Thurs.28.1.21 Melbourne 'Herald Sun' New scare on Bourke St Mall JOSH FAGAN & MILES PROUST
Police try to intercept a speeding car and (below) interview pedestrians. Pictures: ROB LEESON, SUPPLIED
A SPEEDING car forced pedestrians to flee for their lives as the driver raced erratically through Bourke Street Mall late on Thursday afternoon, in scenes reminiscent of the deadly 2017 terror attack.
The driver was on the run on Thursday night after evading police, who later found the car in Albert Park.
Officers had attempted to pull over the green Mitsubishi Lancer — which they believed had fake number plates — on Bourke Street, near Swanston Street, about 4.55pm before it mounted a kerb and sped off.
No one was hurt in the terrifying incident, a week after Melbourne marked the fourth anniversary of the 2017 attack in which James Gargasoulas mowed down pedestrians, killing six and injuring 27.
Witnesses said the car smashed into a security bollard — one of dozens installed in the mall as a result of the 2017 incident — before a male passenger leapt from it and fled along Elizabeth Street.
Security guard Addy Shah said he rushed out of the Cotton On clothing store when he heard the “huge bang” of the car ploughing into the bollard.
“The guy was driving so fast and just hit the pole at speed,” he said.
He said a police car was directly behind the vehicle and one officer drew his gun.
“He (the policeman) was pointing the gun at the car but it was such a busy street and there were so many people around, that would have blocked his view.
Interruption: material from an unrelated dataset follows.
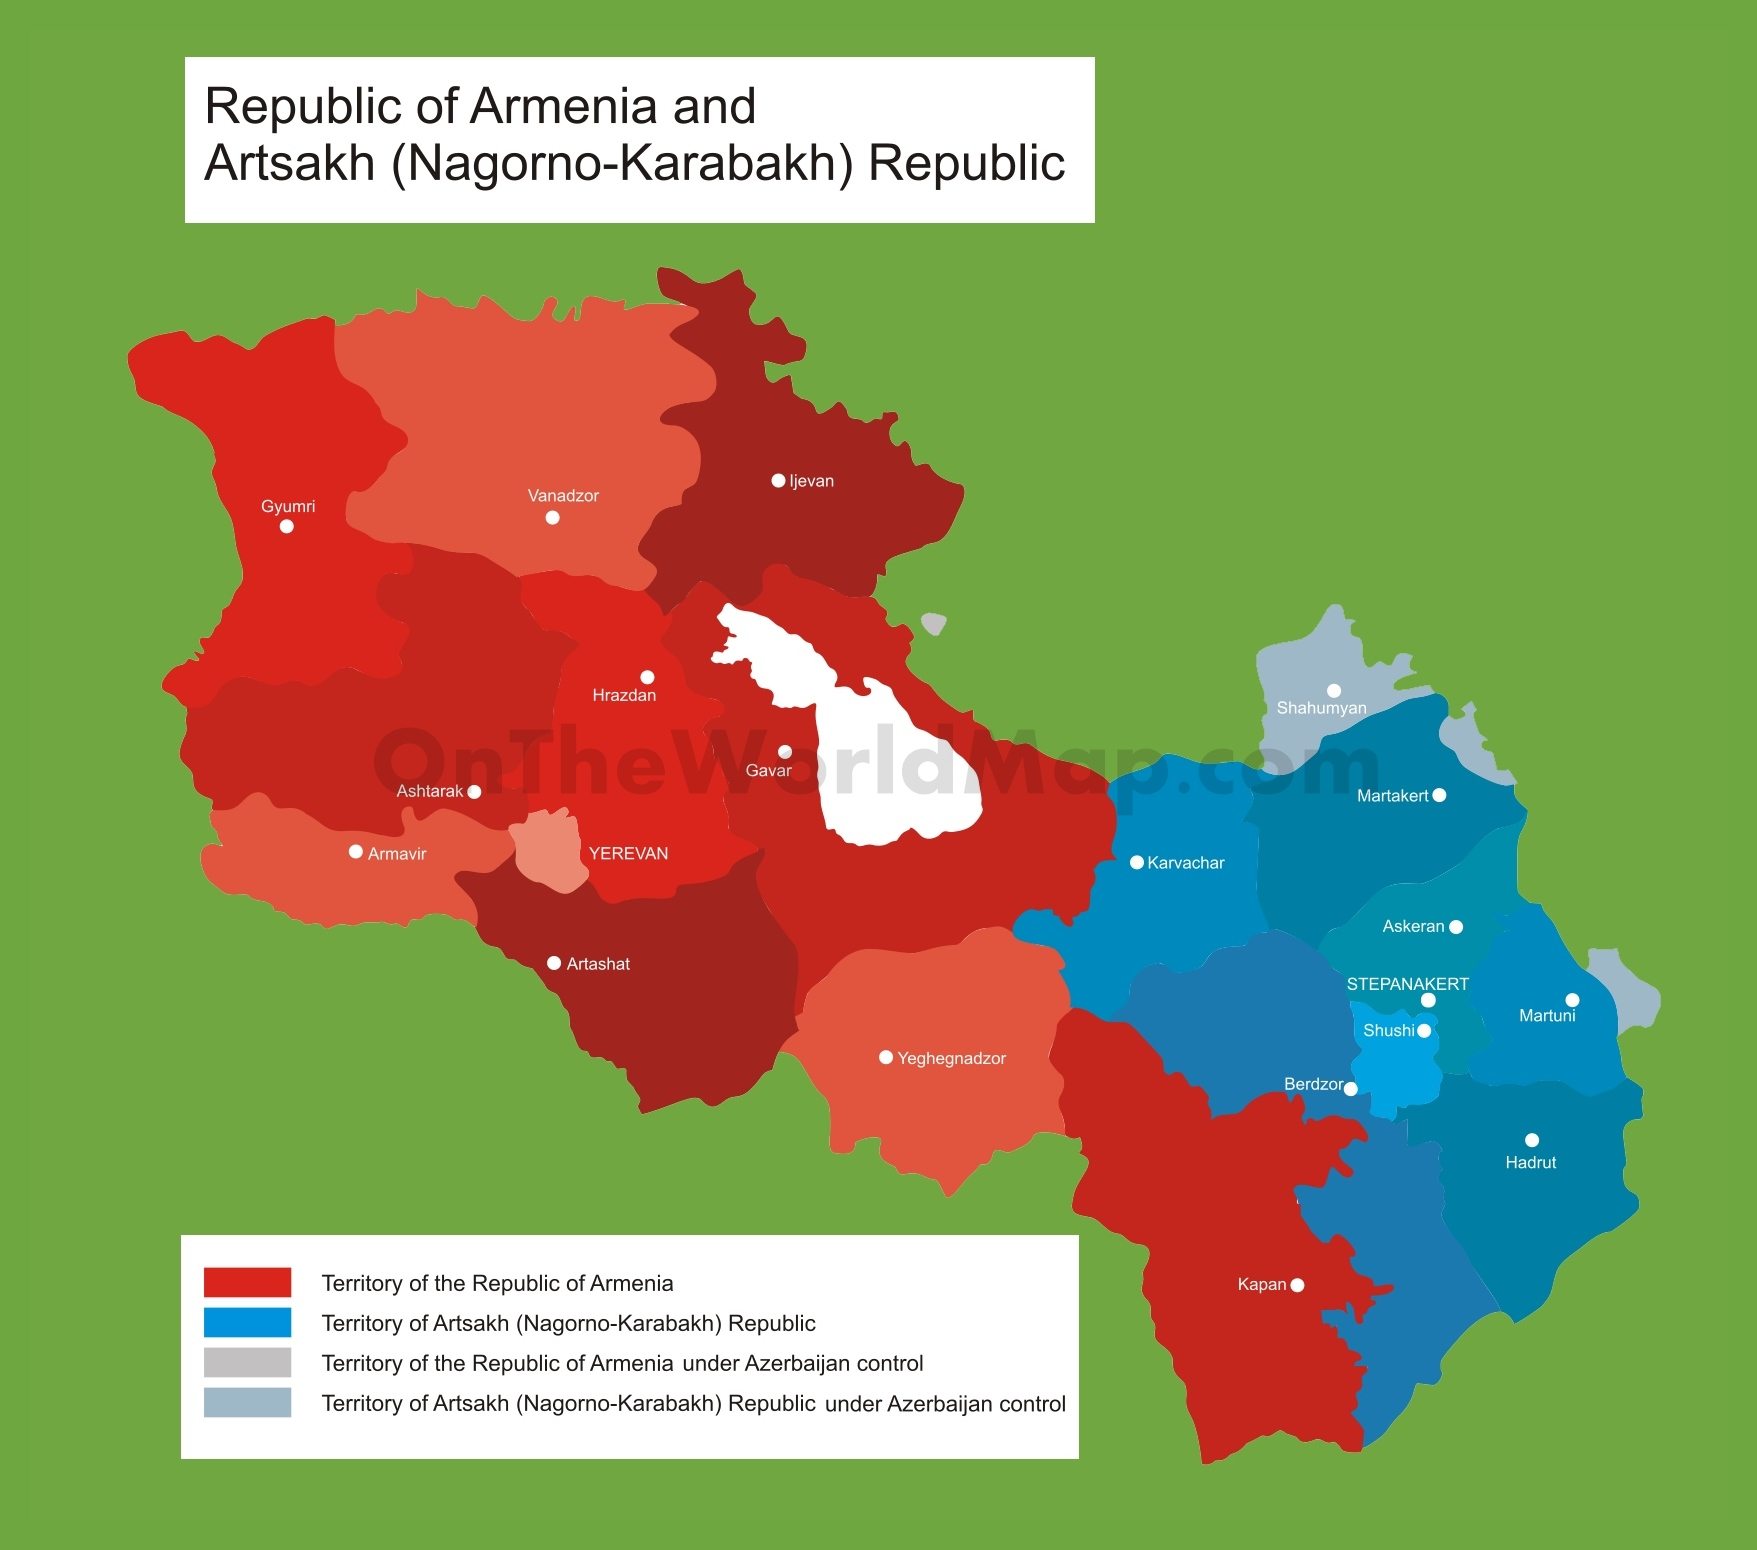 Map of Armenia and disputed territory of Nagorno Karabakh

The car was speeding off … but he didn’t pull the trigger.”
He said a man in the passenger seat jumped out and bolted around the corner down Elizabeth Street.
“As soon as the car hit the pole he just opened the door and ran away. I’ve never seen someone galloping that quick.”
Mr Shah, 25, said two police cars followed the speeding car but it appeared no officers were trailing the man who ran from the scene.
He said the action was all over in about a minute.
“It kind of gives you a shiver I guess. There would be a bit of trauma for people walking along the footpath. I think everyone is glad no one was hit,” he said.
Shane Lowe said the driver was “really flooring it” with terrified pedestrians “running up against the walls and into shops”.
He said by that stage the driver appeared to be alone. He was wearing a face mask, had scruffy blonde hair and looked to be aged 25-35.
The front of the car was severely damaged, he said.
Lauren Tubog of South Melbourne was watching a busker perform in the mall when the car tore up the street.
She said as soon as the car crashed the passenger opened the door and fled. “The dude just ran for it,” she said.
The police air wing initially tracked the car to St Kilda, and it was found in Ashworth Street, Albert Park, about 6.40pm, without any plates. The identity of its driver was unknown.
Police on Thursday night said: “At this stage police do not believe the vehicle was intending to harm pedestrians, instead it was taking evasive action to avoid police intercept.”
Police have appealed for any video footage.